2013 could count as one of the worst years of my life, personally speaking. In the space of a couple of months, I encountered serious set-backs that still have repercussions for me today. But this blog is not about those losses, nor is it about my personal travails. Instead, I’d I’m here to talk about coming back from those difficulties.
The fact is, negative things that happen in our lives won’t ever really go away. They have an impact, and the scars they leave remain, however much time and emotional distance we put between ourselves and them.
The scars, in my case, have to do with confidence (in my own abilities, in the direction of my life and career, and in the trustworthiness of other). These crises have a way of tearing right through the comfortable veneer you have built, exposing the fundamental insecurities of life.
What, I ask myself even now, have I been doing with my life? What have I achieved, and to what degree have I failed the high expectations I had of myself when I was younger?
The answer, 2013 showed me, was sobering. It was one of disappointment, of opportunities ungrasped, of immense short-sightedness, and of serious errors of judgment.
As someone who has always been fiercely independent (a fact reflected in my approach to photography), 2013 challenged my beliefs of what I was capable of. It showed me the limits and weaknesses that lay within me, and prompted me to start learning to ask for help and co-operation.
Contradictorily, it also confirmed for me the absolute importance of being individually self-sustaining. I learned, beyond doubt, that I had to be comfortable and confident with myself, despite the flaws and failures so evident within me. Because when push comes to shove, nobody else really cares, or can attain a full understanding and acceptance of another individual.

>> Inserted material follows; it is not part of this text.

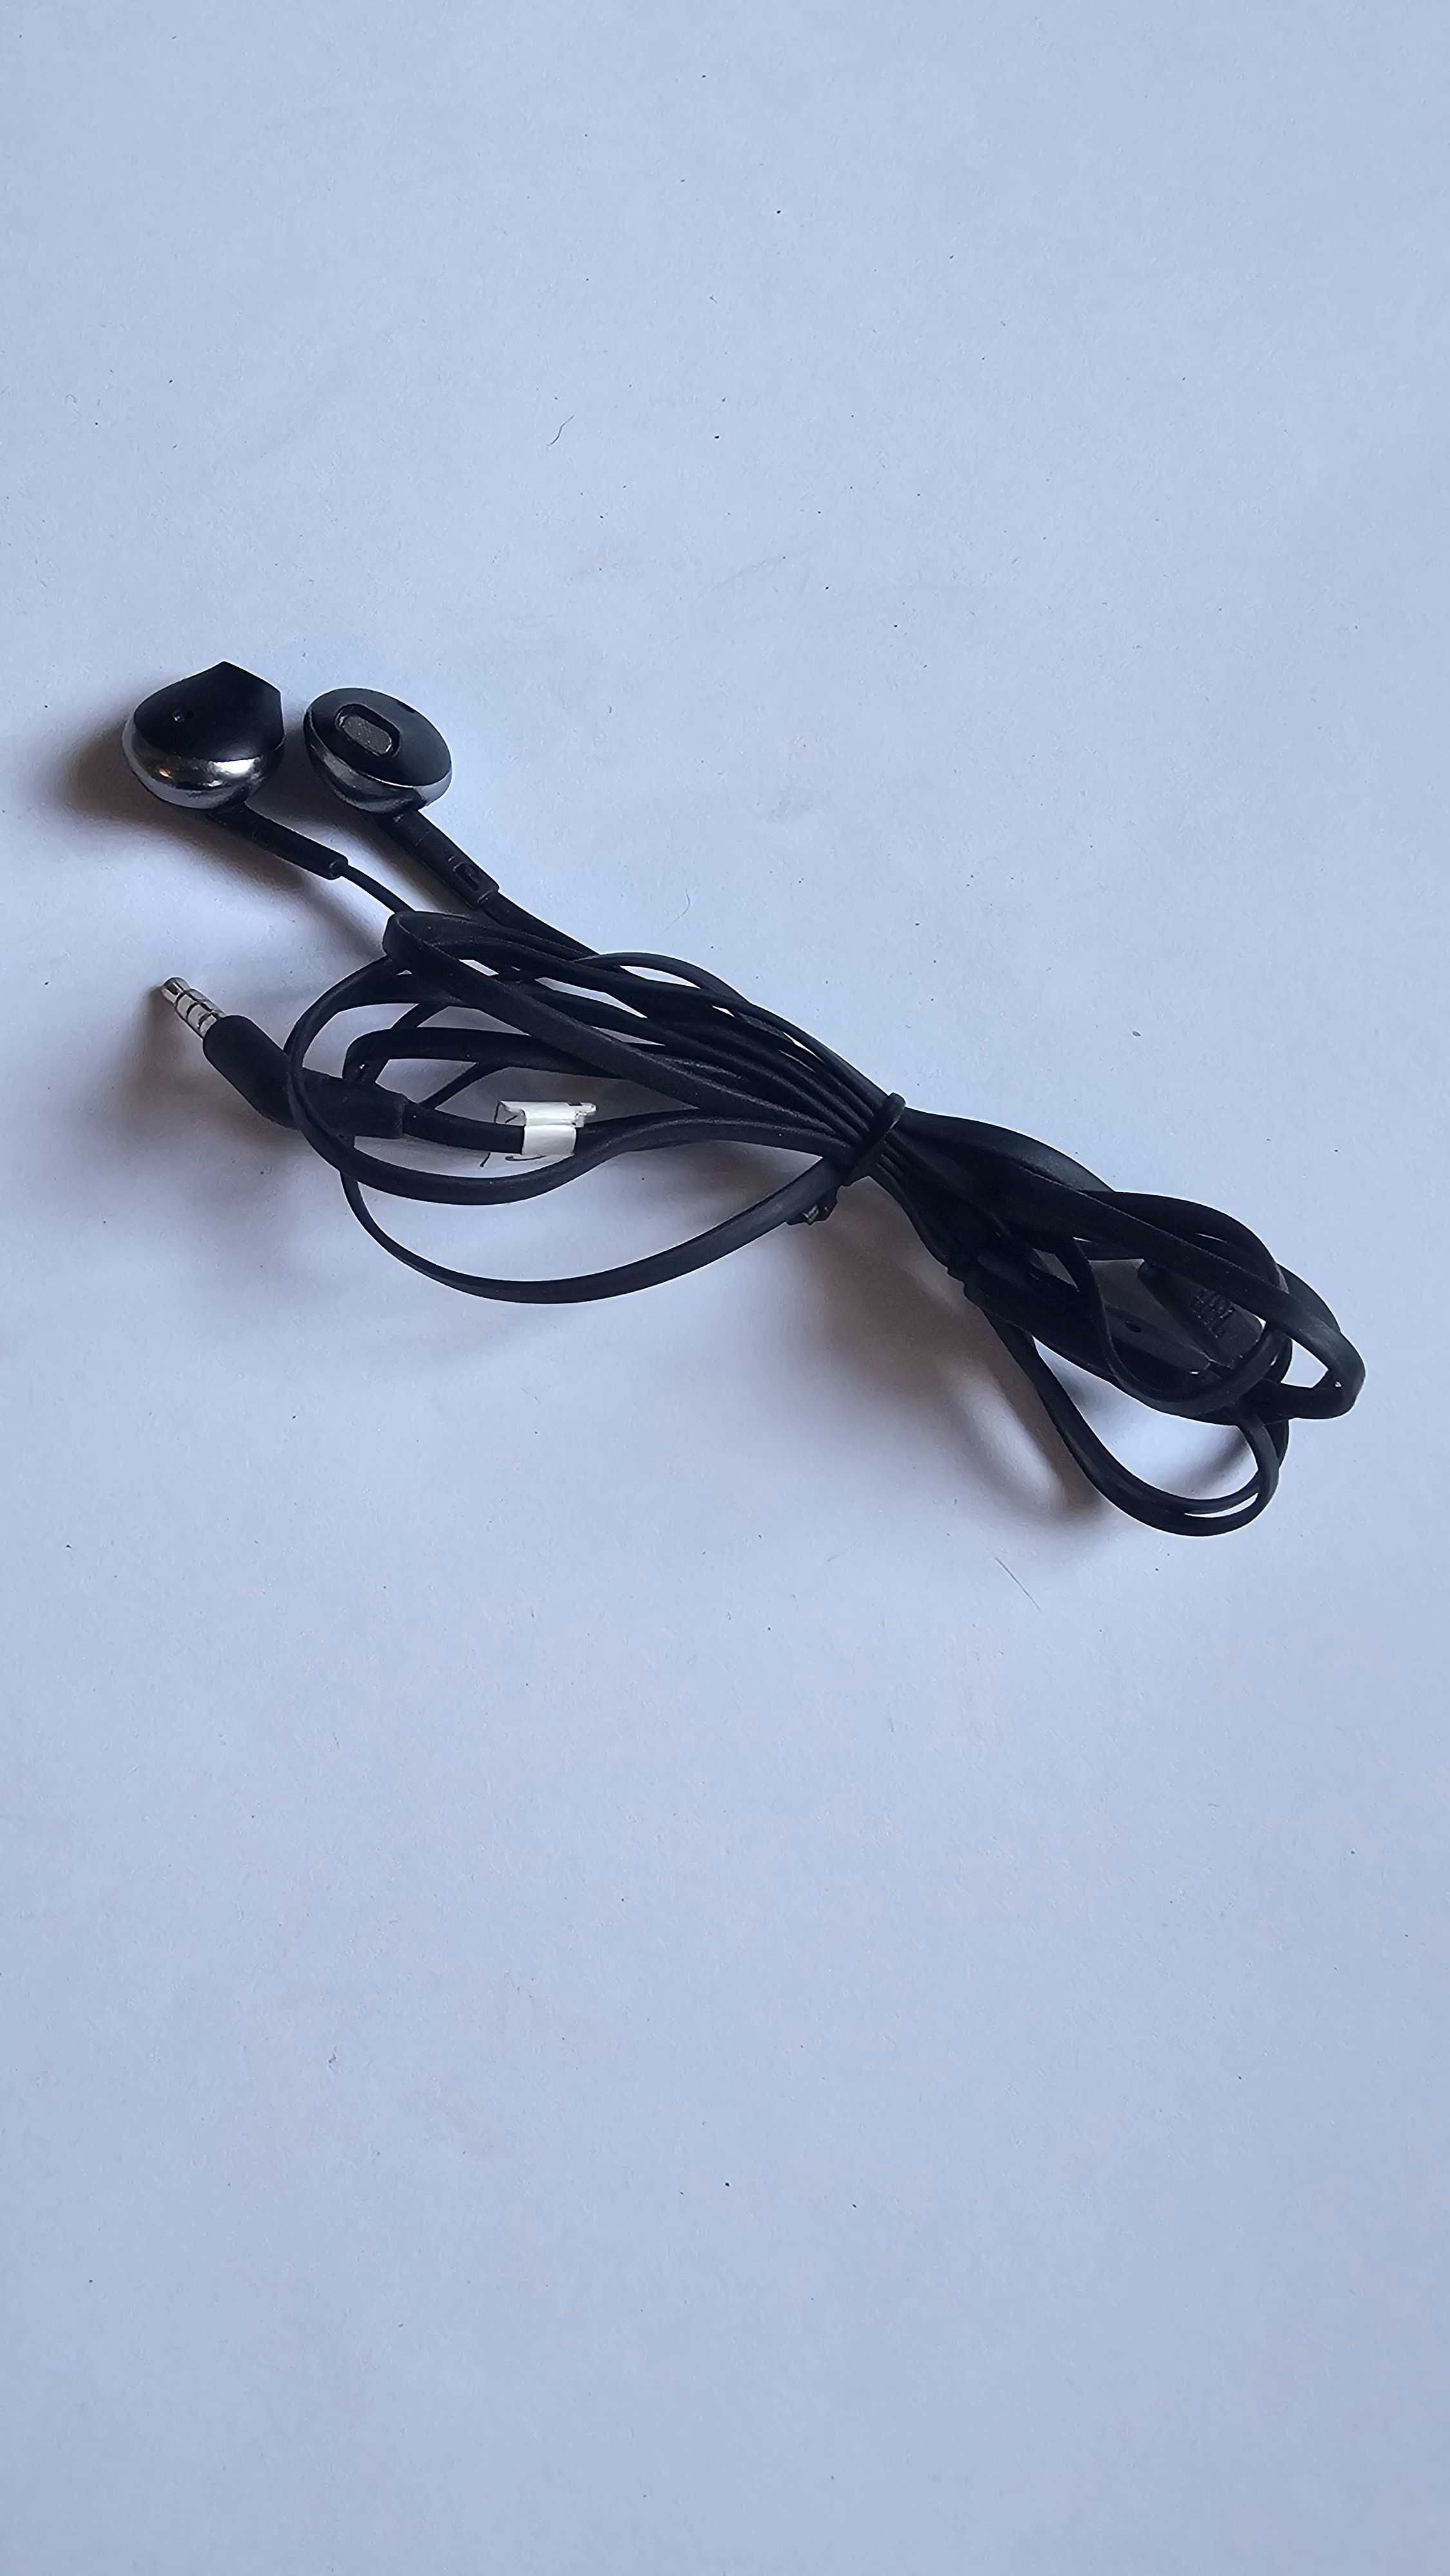 Słuchawki przewodowe douszne mini jack 3,5mm JBL sprawne tylko 1 ucho

Yes, there is such a thing as luck. Yes, there are open doors. But no one will open the doors that you do not first unlock. No one will be your champion if you do not take those first steps. No one will give you things that you do not ask, beg, and work for.
In coming to such an understanding, I channelled my anger and sadness into creativity. Photography, for me, is no longer about simply taking photos. It’s a way of expressing myself, an outlet for dead and dying dreams.
As a result of 2013, my resolution is strengthened. I have become much more ruthless in my pursuit of my goals. On some days, when it seemed like everything was working against me in my quest to get certain tasks done, instead of resigning myself to “Que Sera, Sera”, as if some immutable force like fate or destiny was preventing me from attaining my goal, I now fight with everything at my disposal to overcome those obstacles.
In 2013, I started stepping outside of my bounds of comfort. I grabbed opportunities, and worked with new people. Beyond simply being a technically competent photographer, I realised the importance of taking on roles equivalent to a Creative Director and Production Manager.
I did notice a decrease in cosplay shooting, as a maturing landscape of cosplay photographers in Sydney and retiring/semi-retiring cosplayers within the circle I work in reduced the number of shoot I participated in. All in all, however I can count 75 cosplay shoots executed in 2013 (give or take 5, since that number includes conventions).
2013 saw an increase in conceptual/fashion shoots, whether I acted as Creative Director in coming up with concepts and executing them, or working for another person who took on the directorial role.
I also saw a slight increase in commercial work, though insufficient to be considered a professional. In all, I undertook 25 shoots in the concept/fashion/commercial categories.
For those keeping count, that means an approximate total of 100 shoots in 2013. A nice round number, I must say.
I don’t believe in making resolutions for the New Year. Rather, I make resolutions on a fairly regular basis and I do my best to come through on them. So in a way, 2014 for me is on a time spectrum in which I will continue to do what I am already on a path to do so.
I am continually inspired by the work of photographers around the world (current, and long-running favourites hail from Japan, although China and Taiwan are home to some crazy talent), and so I continue to work on distilling the creative intent behind the works I admire, and apply my own approach to execute my visions.
I will continue to look out for opportunities, both creative and commercial, and execute them with rugged determination.
This post wouldn’t be complete without thanking all the cosplayers, models, makeup artists, stylists and anyone else who has given me a chance in 2013. I honestly enjoyed every shoot, even the most gruelling ones, the ones which involved actual hard work to get the results we wanted. In fact, those shoots might have been the best.
And my especial thanks to my few friends who, in my darkest moments of doubt, have supported me, and given me new direction and reinvigorated my resolve – I do not share much of my personal feelings, so you might never know what effect your words have had on me, but I hold them dear.